Delay deciding which cancel scope a Cancelled exception belongs to #860

njsmith · 2019-01-17T09:49:28Z

Right now, whenever we create a Cancelled exception, we immediately tag it with the cancel scope that's going to catch it.

There's another option that's briefly mentioned in #606: we could wait until CancelScope.__exit__ to decide whether a given Cancelled exception "belongs" to this scope. The check would be "on the current task's stack, am I the outermost unshielded scope that's in the cancelled state?"

This can behave differently from what we have now in cases where there are multiple cancelled CancelScopes on the stack.

I'm not entirely sure if this would actually help with #606, because of complications noted there (hello KeyboardInterrupt). But it would probably simplify the cancel scope code in general, in particular _cancel_no_notify, and the issues described in this comment: #835 (comment)

The text was updated successfully, but these errors were encountered:

oremanj · 2019-02-04T00:02:42Z

I just posted #900 which offers a less elegant, but also less invasive, solution to this problem. I prefer the solution in this issue on aesthetic grounds but I couldn't convince myself that it would be safe in the presence of a cancellation landscape that might be changing as the Cancelled exception propagates. Also, it makes the delivery of a cancellation be quadratic in the depth of the cancel stack, but probably that doesn't add up to much in practice?

oremanj · 2019-02-04T00:29:18Z

OK, let's try doing this analysis semi-rigorously.

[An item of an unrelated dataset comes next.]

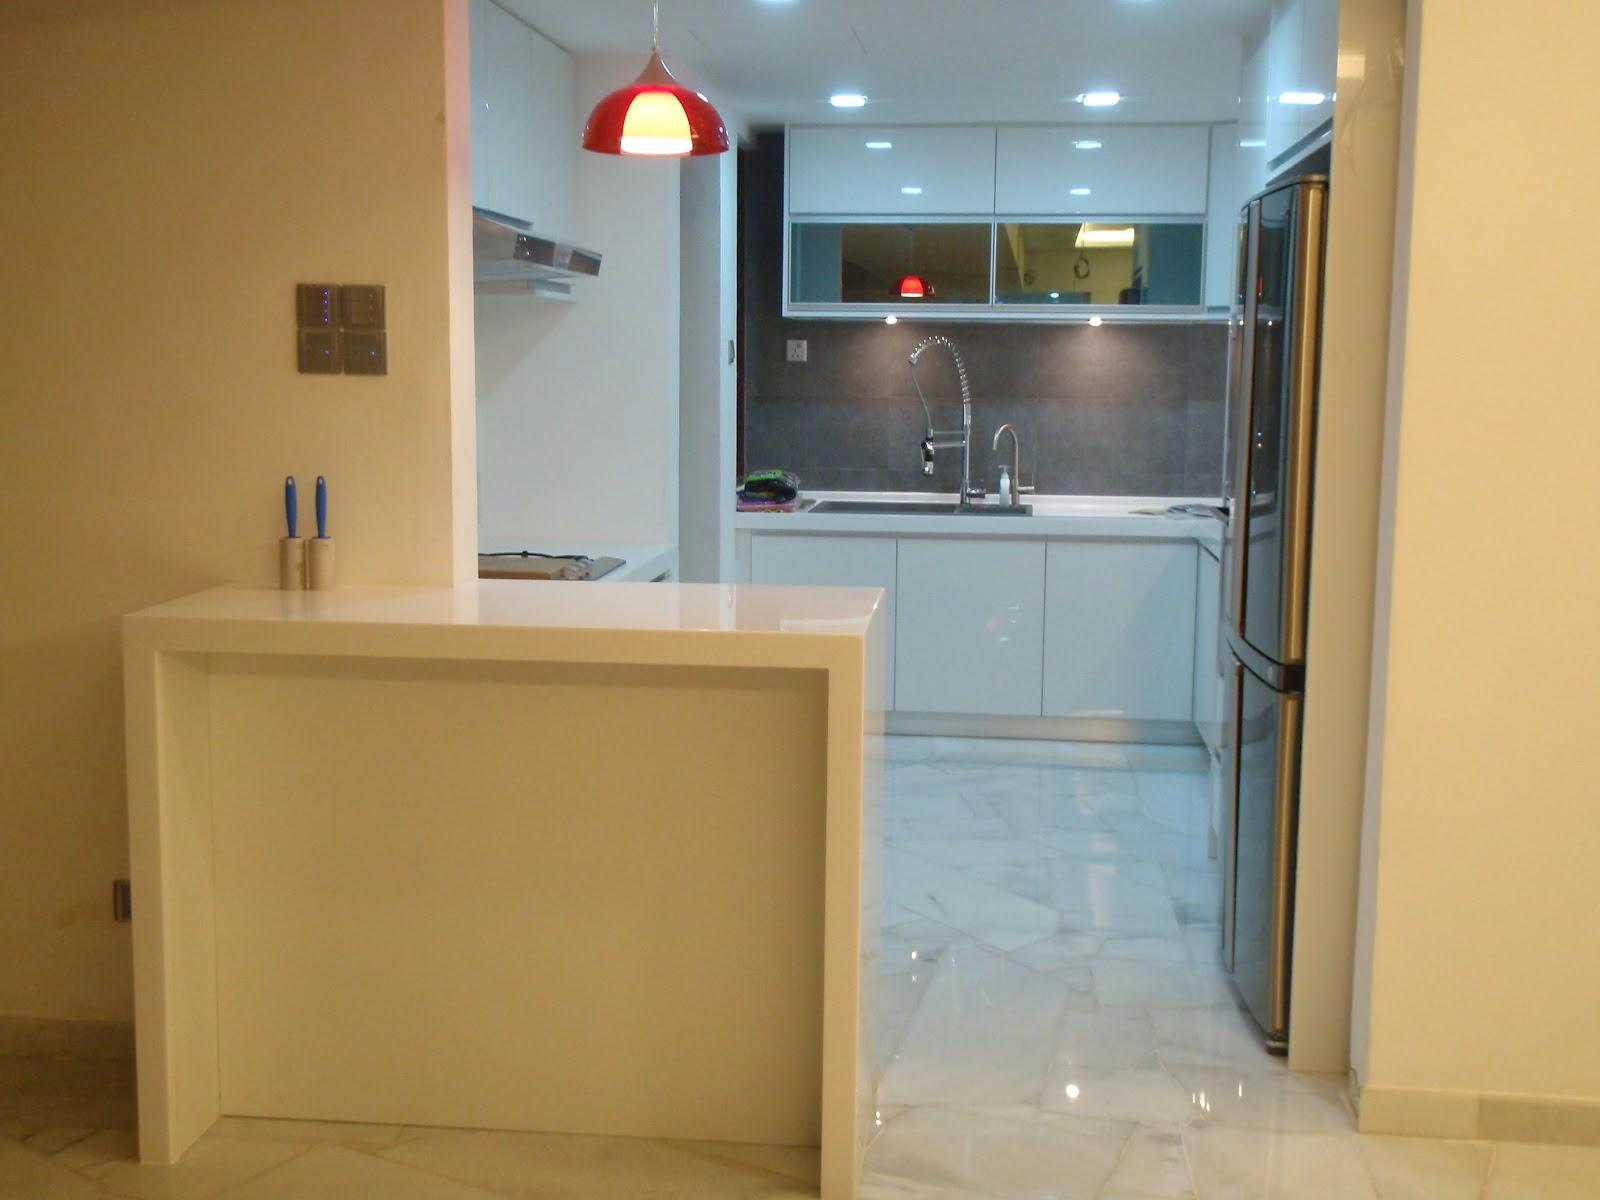 CABINO DESIGN™: Dry Kitchen @ Sri Duta 1

I'm interpreting "outermost unshielded scope that's in the cancelled state" here as "the thing that pending_cancel_scope() returns", with the properties:

it's always a cancel scope with cancel_called = True, or None
it's only None if the innermost cancelled scope encloses the innermost shielded scope

Looking from the perspective of a single CancelScope.__exit__ with a Cancelled exception propagating:

If cancel_called is false, we can't possibly be the target of this exception; let it continue.
If this scope is pending_cancel_scope(), swallow the exception and set cancelled_caught, we're done. By premise, we did the right thing for the current state of the cancel stack.
If not, then since we're at the top of the cancel stack, whatever pending_cancel_scope() returned must be outside us.
- It can't be None, since you only get None if the innermost shield is further in than the innermost cancelled scope, and we're a cancelled scope and we're the furthest-in thing there is.
- So it must be some cancel scope outside us (call it C), and we should let the exception keep propagating so they can catch it.
  - By the time the exception gets to C, the result of pending_cancel_scope() might well have changed. But for C to have been returned from pending_cancel_scope() in the first place, it must have had cancel_called = True, and cancel_called never goes from True to False. So if the exception gets to C, either pending_cancel_scope() will return C (i.e., nothing changed), or it will return some scope outside C, in which case it will be proper for C to let the exception continue propagating to that further-out scope. It can't return None for C for the same reasons it couldn't return None for us: C is the innermost CancelScope at that point and it's cancelled, no possibility for a shield further in.
  - Something something induction eventually we run out of cancel stack.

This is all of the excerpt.